## Given material
==========
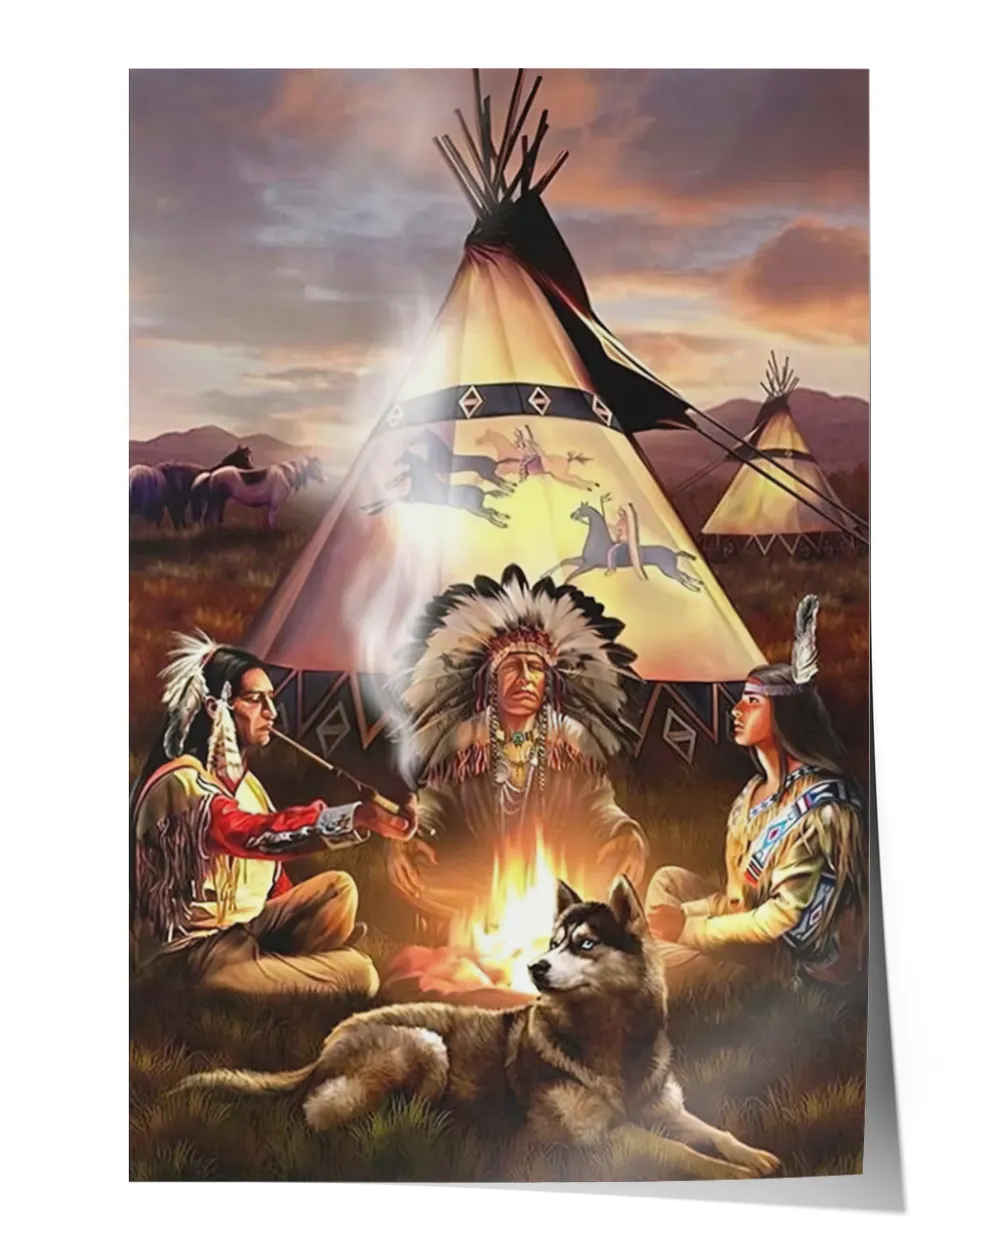 naa-jlv-16 native american campfire
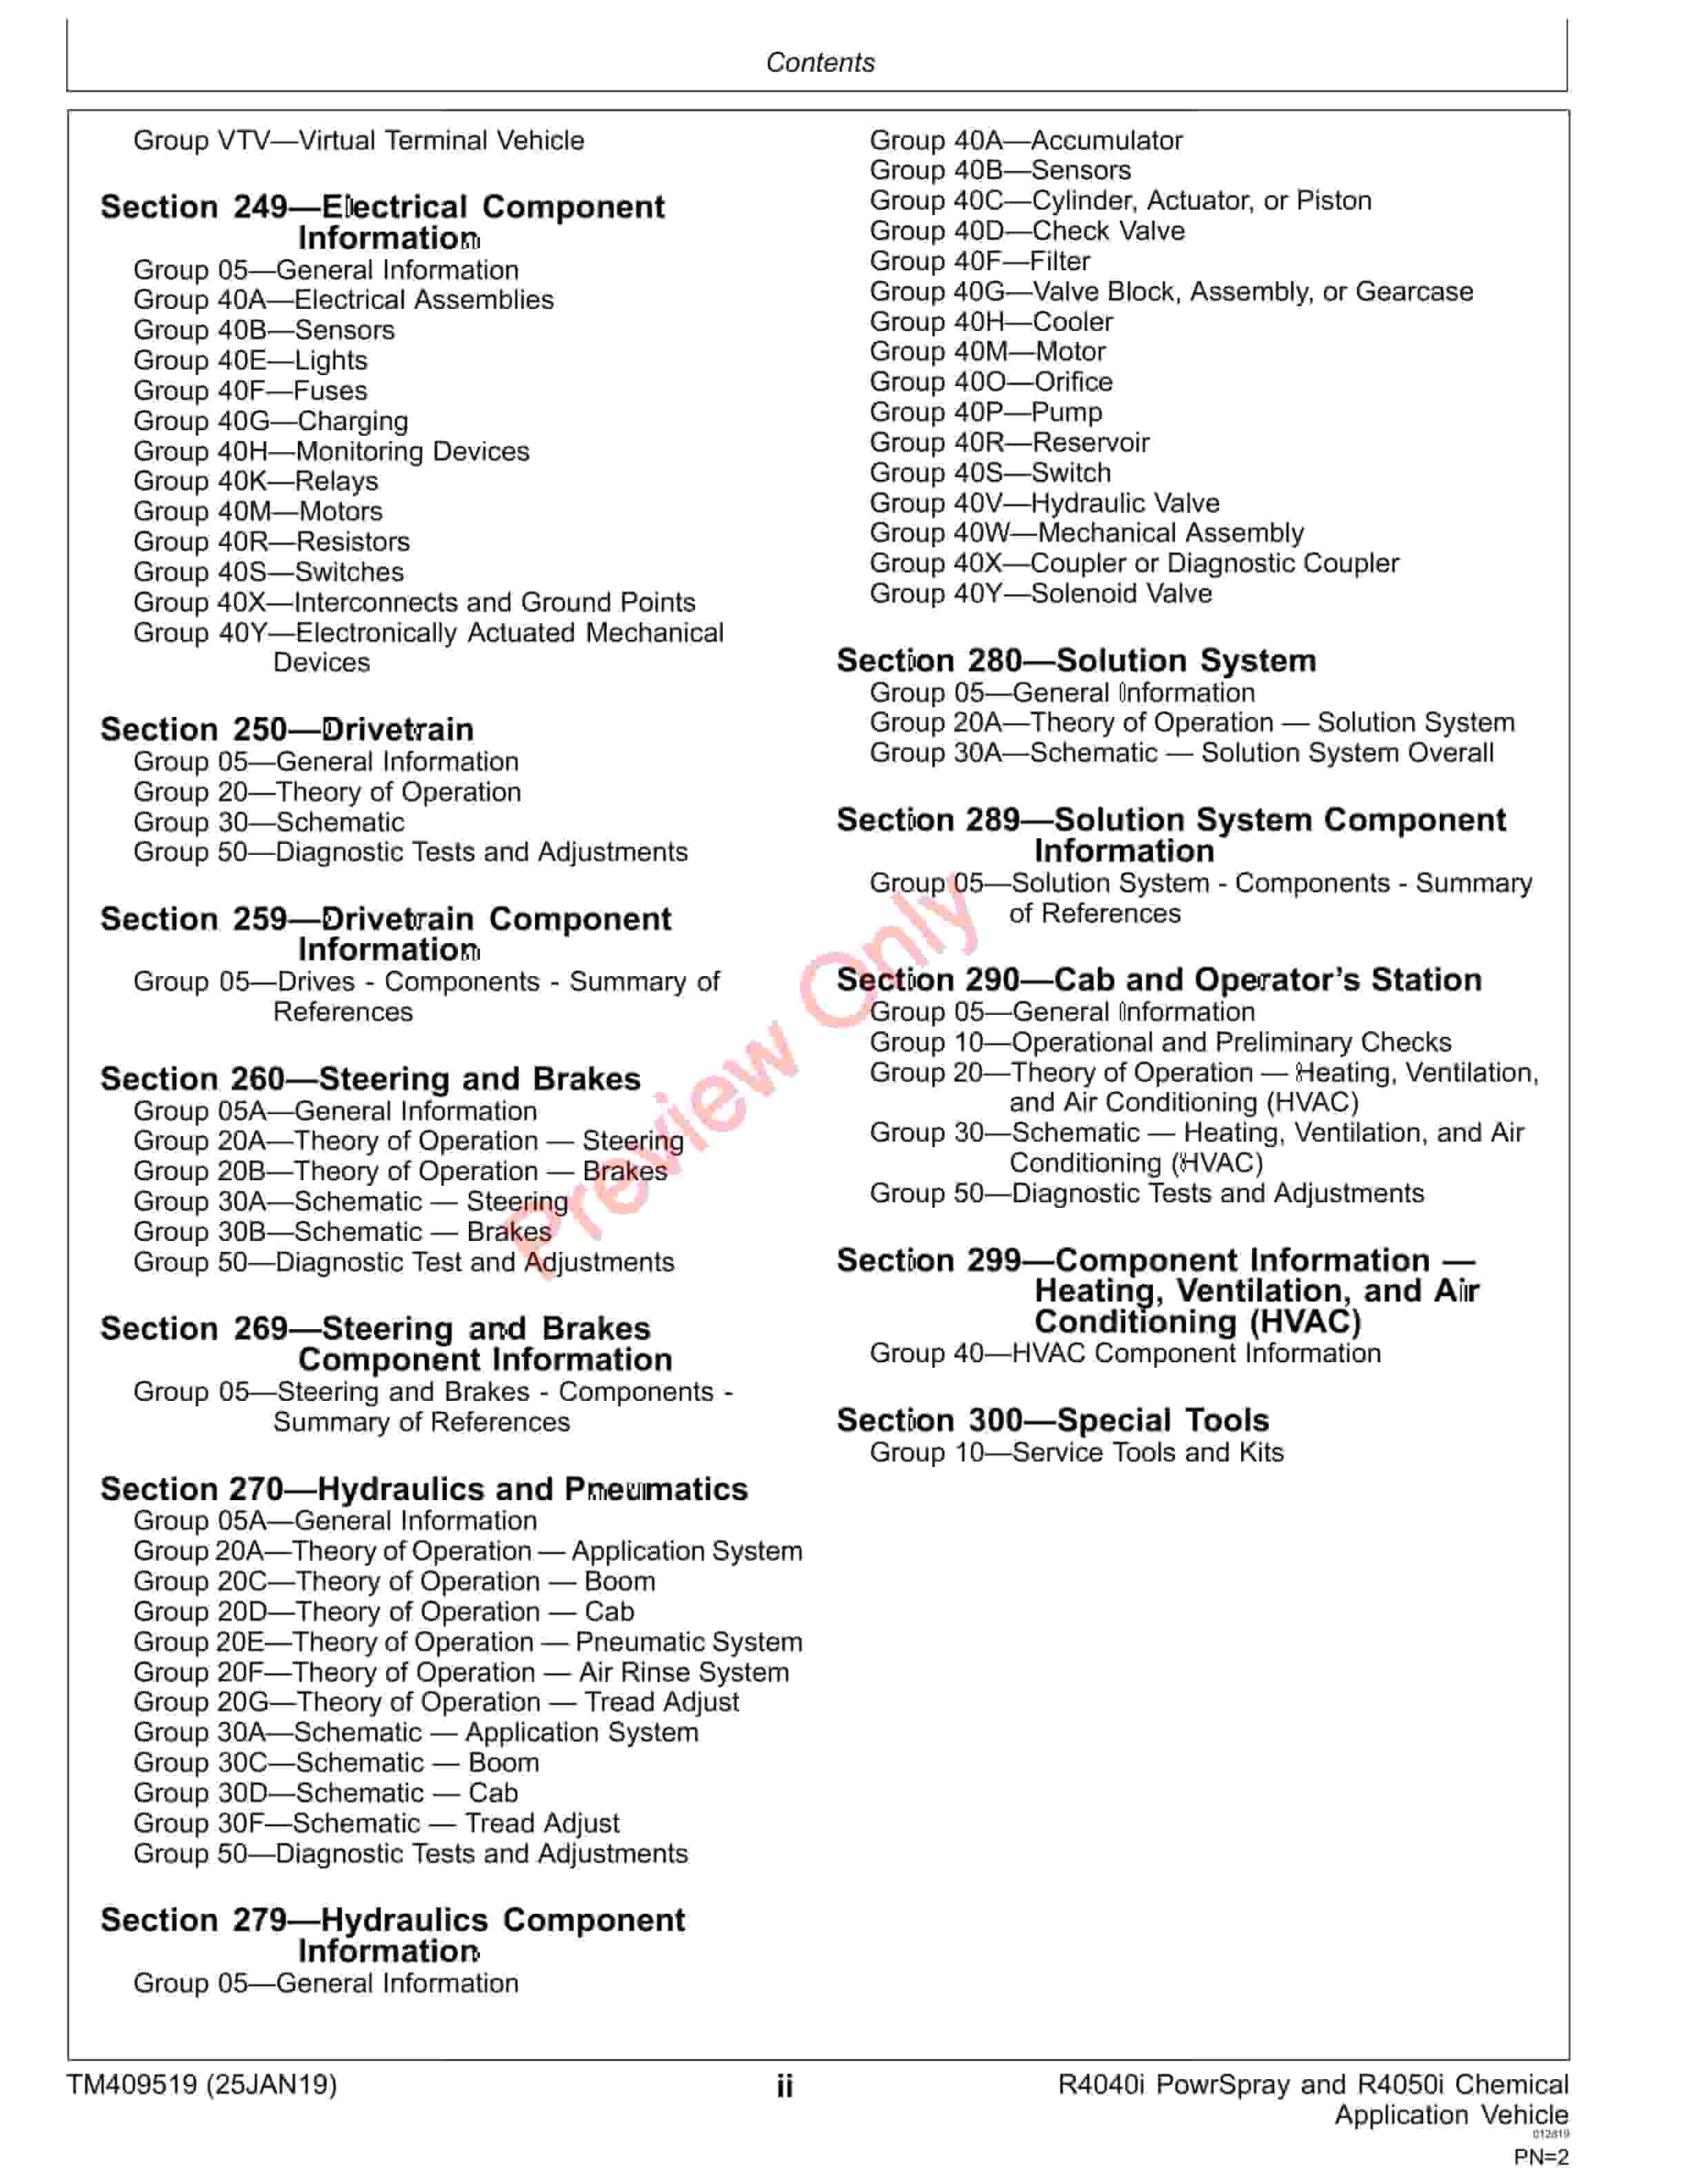 John Deere R4040i PowrSpray And R4050i Chemical ApplicationVehicle And Demountable Crop Sprayers Diagnostic Technical Manual TM409519 25JAN19 4
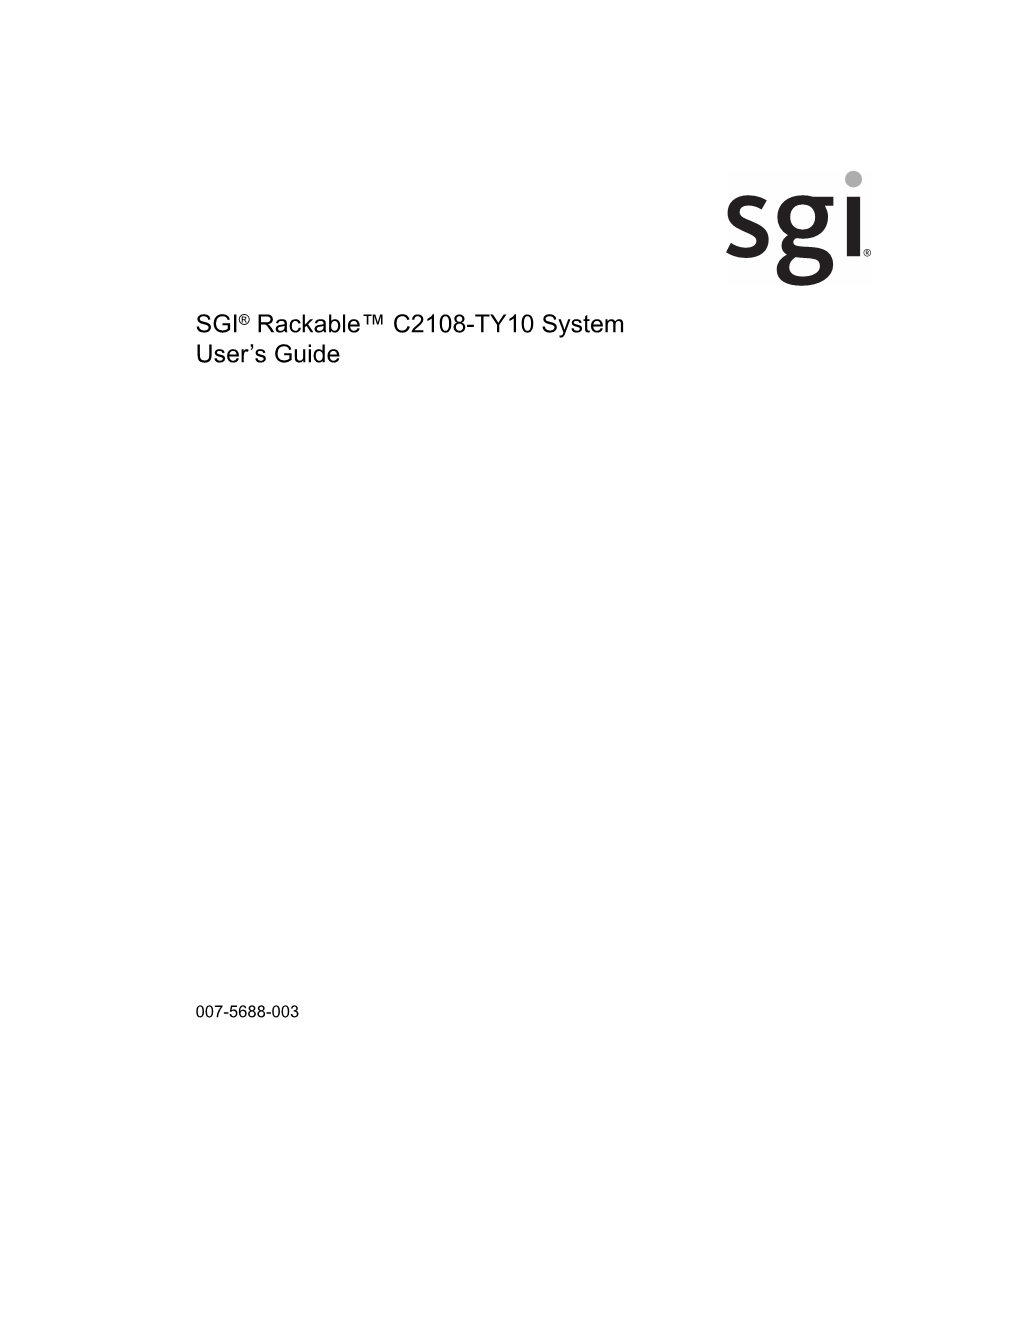 SGI® Rackable™ C2108-TY10 System User's Guide
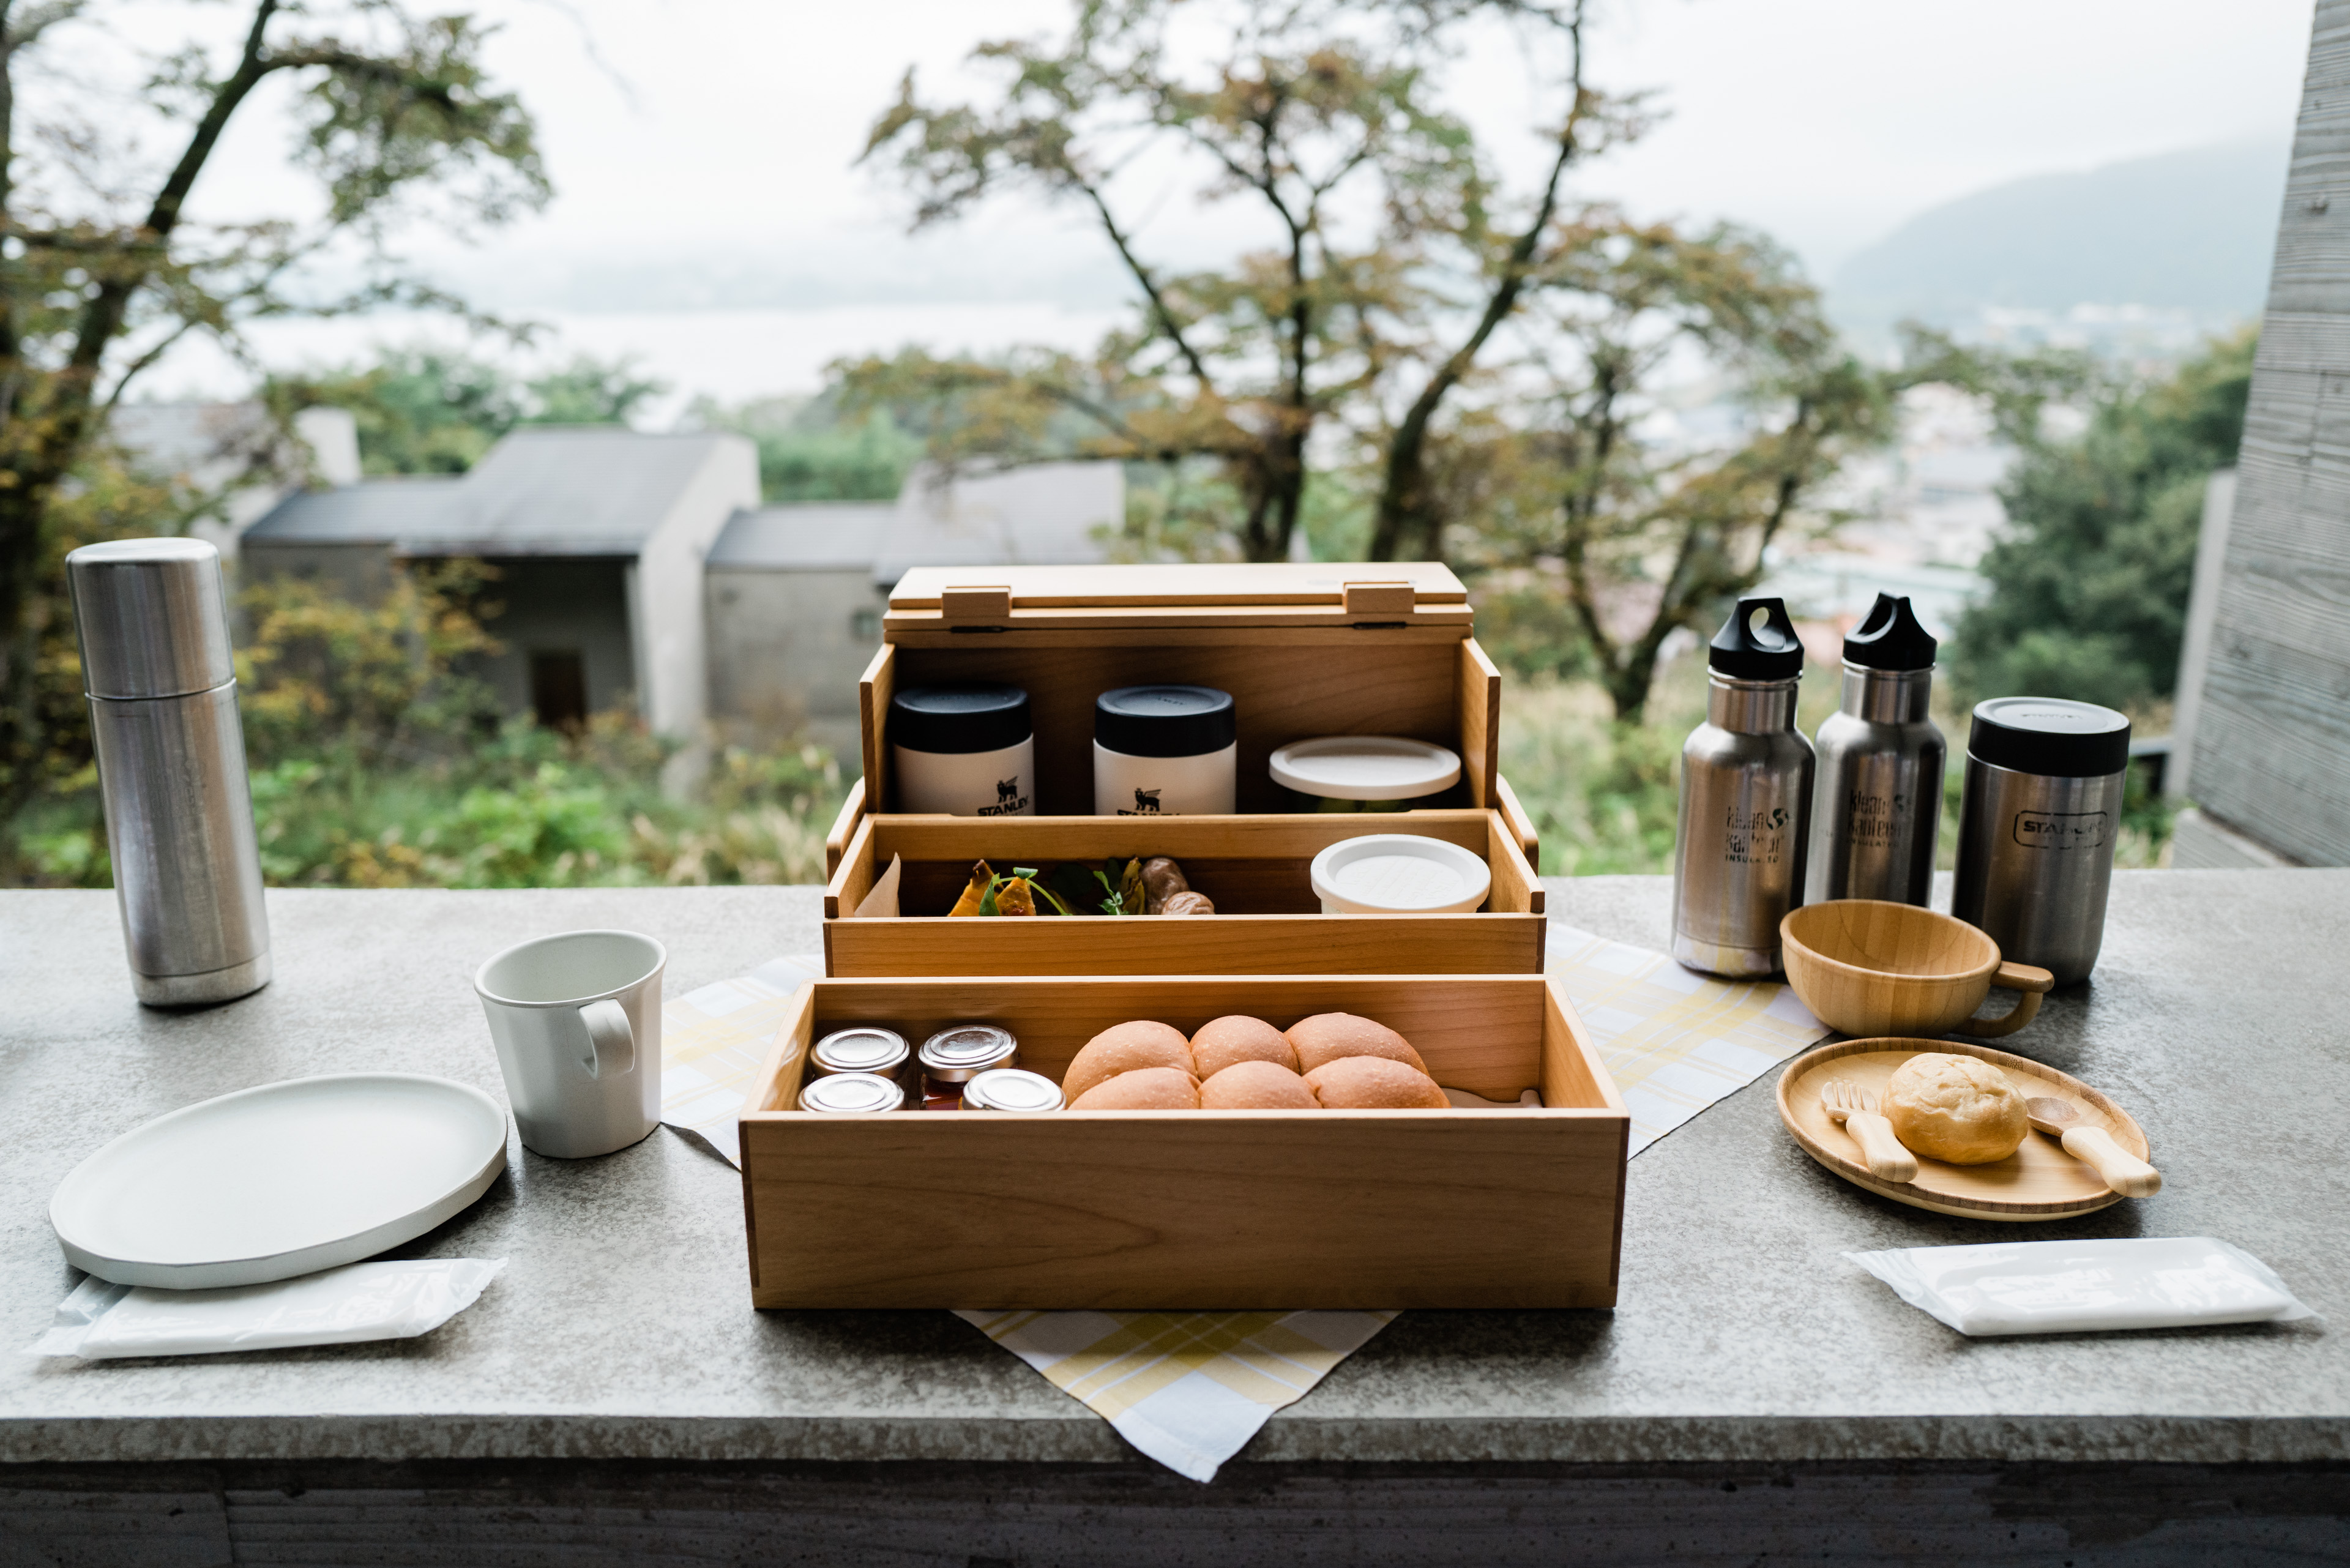 The breakfast box at Hoshinoya Fuji.
==========
## Directions
Leaving the pictures aside, repeat the data above exactly.

## Answer space
 naa-jlv-16 native american campfire
 John Deere R4040i PowrSpray And R4050i Chemical ApplicationVehicle And Demountable Crop Sprayers Diagnostic Technical Manual TM409519 25JAN19 4
 SGI® Rackable™ C2108-TY10 System User's Guide
 The breakfast box at Hoshinoya Fuji.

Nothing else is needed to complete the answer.